# Should I...?



## jessac (Oct 29, 2012)

Fleury is going to be 6 months here shortly (I can't believe how quickly time seems to go!). We have been taking puppy kindergarden classes and he knows basic commands pretty well. We work on those commands and nice house manners constantly at home, but I know there is always more to learn. I really like our trainer and the classes there - great place to meet like minded folks and nice dogs. 

Our training facility has a couple courses I thought would be good to do, but can't decide which would be better at his age. There is basic obedience, which would review a lot of what we already learned and add some things like longer stays, long distance recalls, etc. They also have a class which focuses on preparing for the CGC exam.

The other route is to take a puppy (under 1 yr) agility class. It teaches foundation skills for agility. I really think that this might build his confidence and our instructor said that it would be a lot of fun for both of us. 

At this point, we don't plan on competing in any activity, but plan to do them for fun/ to bond, so I'm not in a big rush. But since he loved puppy class, I thought it would be nice to continue with something. Anyone have any recommendations for training? Would doing the obedience before the foundation agility class improve those skills? Or would agility reinforce the obedience we are still working on at home? 

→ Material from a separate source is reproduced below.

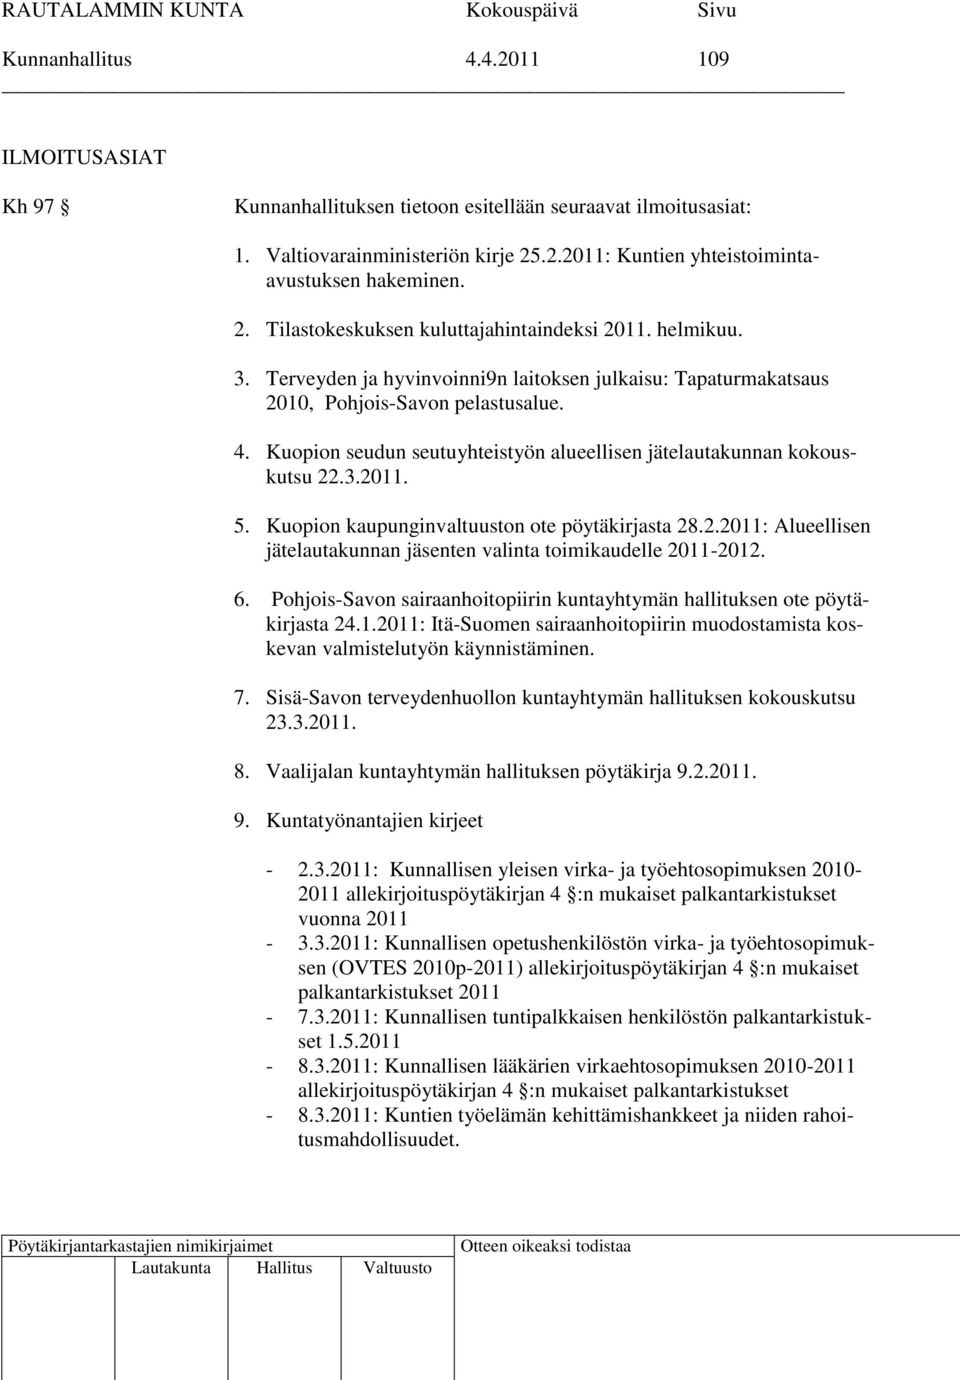 Kuopion kaupunginvaltuuston ote pöytäkirjasta 28.2.2011: Alueellisen jätelautakunnan jäsenten valinta toimikaudelle 2011-2012. 6.

This may be a silly question, I just can't decide and he's my first pup, so I'm such a novice with everything.


----------



## JeanKBBMMMAAN (May 11, 2005)

I don't think it's silly. I am not sure if there is a right answer. I like alternating types of classes, I think it's a nice way to pick up new skills and keep the dog interested! Hoping others will weigh in!


----------



## AgileGSD (Jan 17, 2006)

I would suggest the foundation class if you're interested in agility.


----------



## MaggieRoseLee (Aug 17, 2001)

AgileGSD said:


> I would suggest the foundation class if you're interested in agility.


I agree. If you are lucky enough to have a place that offers puppy agility foundations you should take it. They are really fun and will only add to any additional training you may want to later on. 

:wub:


----------



## jessac (Oct 29, 2012)

MaggieRoseLee said:


> I agree. If you are lucky enough to have a place that offers puppy agility foundations you should take it. They are really fun and will only add to any additional training you may want to later on.
> 
> :wub:


Sounds good, thanks for your suggestions everyone. I think we'll go with the foundation agility class and see how we like it.  I do think it would be fun to get into.


----------